Copper trades near 2-week low after China factory data

Copper prices traded near a two-week low on Wednesday, as market players digested a pair of reports on Chinese factory activity, amid growing concerns over a slowdown in the world’s second largest economy.
On the Comex division of the New York Mercantile Exchange, copper for May delivery hit an intraday low of $2.736 a pound, before trading at $2.747 during European morning hours, up 0.7 cents, or 0.27%.
A day earlier, copper hit $2.735, the lowest since March 20, before settling at $2.740, down 4.1 cents, or 1.49%.
Futures were likely to find support at $2.644, the low from March 20, and resistance at $2.809, the high from March 27.
Official data released earlier showed that China’s manufacturing purchasing managers’ index inched up to 50.1 this month, just above the 50-point level that separates growth in activity from contraction. Analysts had expected a reading of 49.7, down slightly from February’s reading of 49.9.

Meanwhile, the China HSBC (LONDON:HSBA) final manufacturing PMI was revised up to 49.6 in March from an initial estimate of 49.2 but down from 50.7 the previous month.

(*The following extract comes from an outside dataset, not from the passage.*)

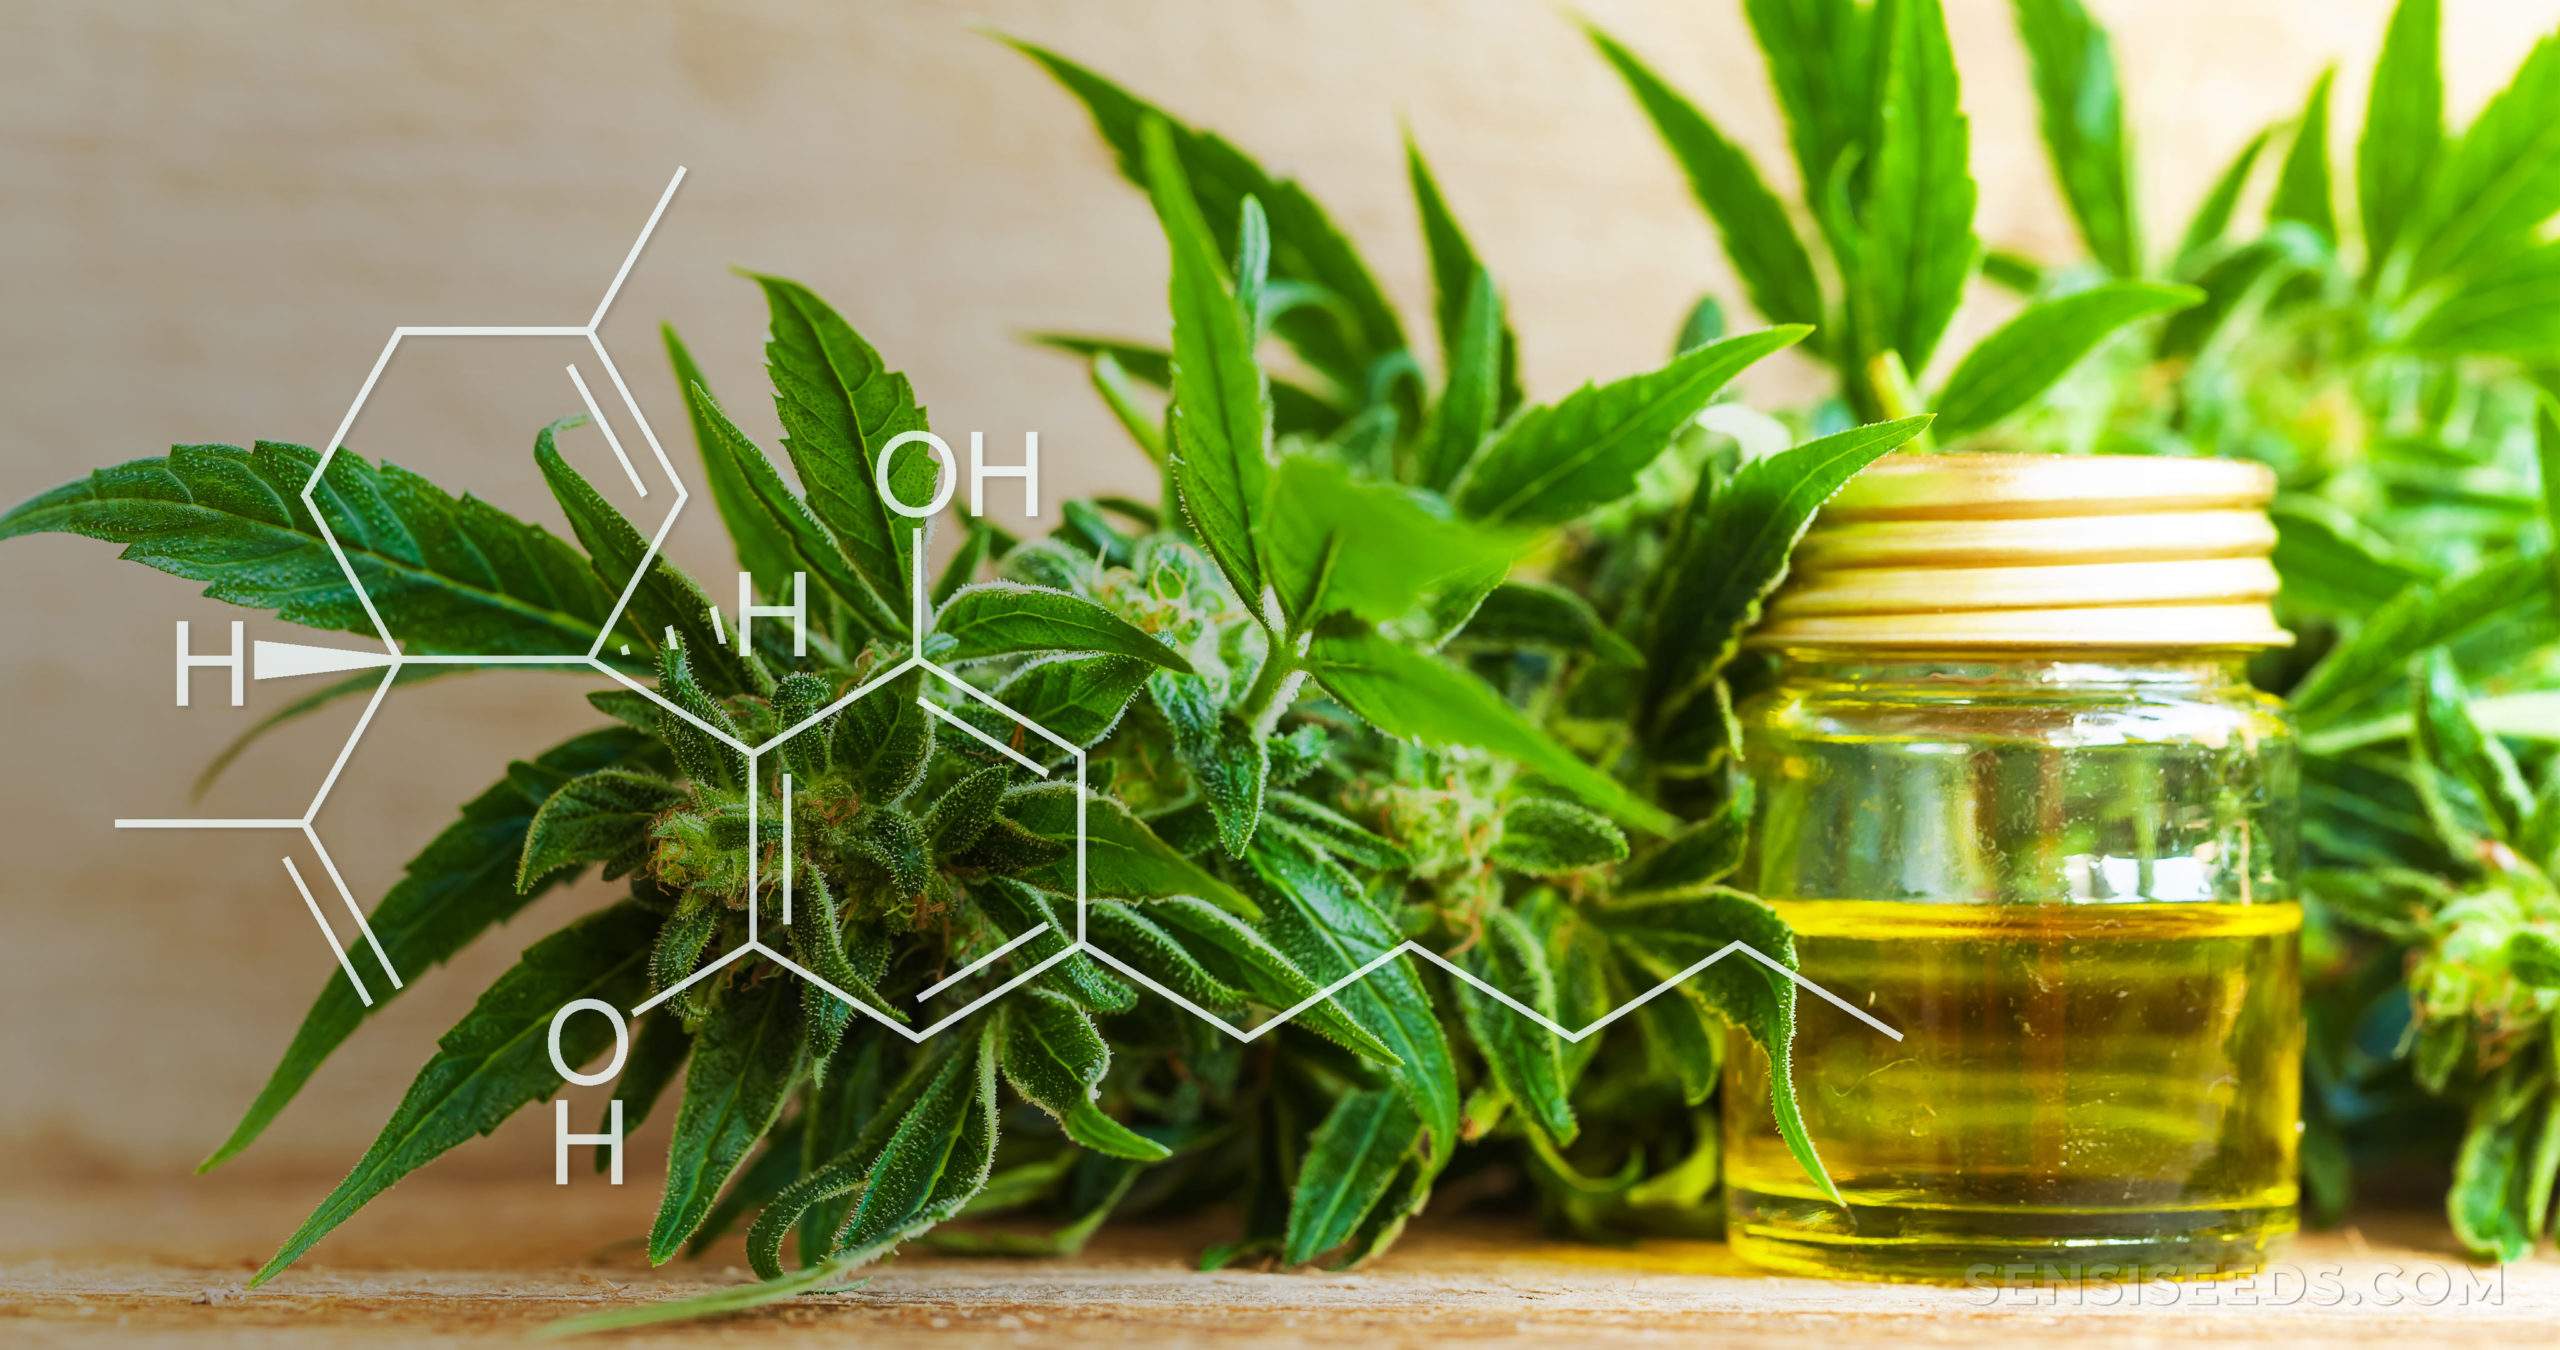 Featured image for “What is CBD and what is it used for?”

Despite the modest uptick in the headline number, the data underlined the view that policymakers in Beijing will have to introduce further stimulus measures to boost growth and spur economic activity.
The Asian nation is the world’s largest copper consumer, accounting for almost 40% of world consumption last year.
Elsewhere on the Comex, gold futures for June delivery inched up $1.70, or 0.14%, to trade at $1,184.90 a troy ounce, while silver futures for May delivery tacked on 2.0 cents, or 0.12% to trade at $16.61 an ounce.
The U.S. dollar index, which measures the greenback’s strength against a trade-weighted basket of six major currencies, was down 0.1% to 98.60 early on Wednesday.
The U.S. was to release the ADP report on private sector jobs growth later in the day.
Investors were also turning their attention to Friday’s U.S. employment report for February for further indications on the future path of monetary policy.
A strong U.S. nonfarm payrolls report was likely to add to speculation over when the Federal Reserve will begin to raise interest rates, while a weak number could weigh on the dollar by undermining the argument for an early rate hike.